Читаем Little Bee полностью

How to explain death to a four-year-old superhero? How to announce the precipitous arrival of grief? I hadn’t even accepted it myself. When the policemen told me that Andrew was dead, my mind refused to contain the information. I am a very ordinary woman, I think, and I am quite well equipped to deal with everyday evil. Interrupted sex, tough editorial decisions and malfunctioning coffee machines—these my mind could readily accept. But my Andrew, dead? It still seemed physically impossible. At one point he had covered more than seven tenths of the earth’s surface.

And yet here I was, staring at Andrew’s plain oak coffin (A classic choice, madam), and it seemed rather small in the wide nave of the church. A silent, sickening dream.

Mummy, where’s Daddy?

I sat in the front pew of the church with my arms around my son, and realized I had begun to tremble. The vicar was delivering the eulogy. He was talking about my husband in the past tense. He made it sound very neat. It occurred to me that he had never had to deal with Andrew in the present tense, or proofread his columns, or feel him running down inside like a piece of broken clockwork.
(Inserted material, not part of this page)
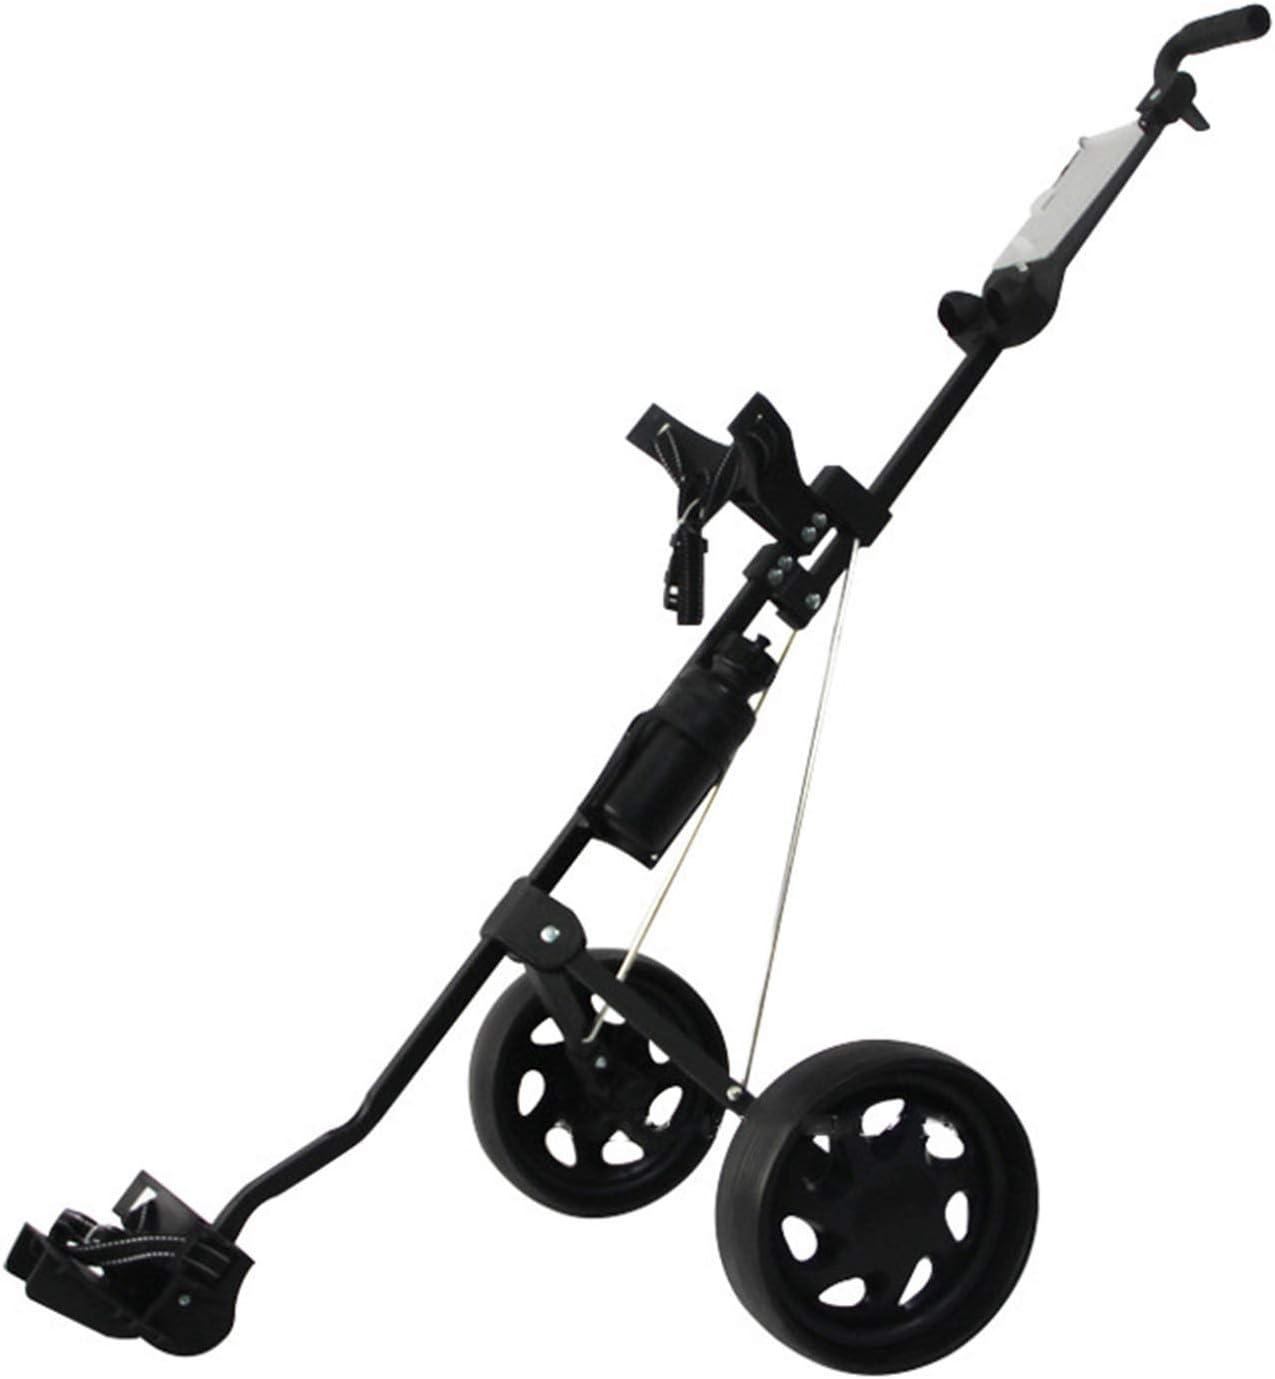 Easy-to-use Golf Push Cart Max 41% OFF Carts 2 Folding Wheel Trolley Blac

Charlie squirmed in my arms and asked his question again, the same one he’d asked ten times a day since Andrew died. Mummy, where’s mine daddy exactly now? I leaned down to his ear and whispered, He’s in a really nice bit of heaven this morning, Charlie. There’s a lovely long room where they all go after breakfast, with lots of interesting books and things to do.

—Oh. Is there painting-and-drawing?

—Yes, there’s painting-and-drawing.

—Is mine daddy doing drawing?

—No Charlie, Daddy is opening the window and looking at the sky.

I shivered, and wondered how long I would have to go on narrating my husband’s afterlife.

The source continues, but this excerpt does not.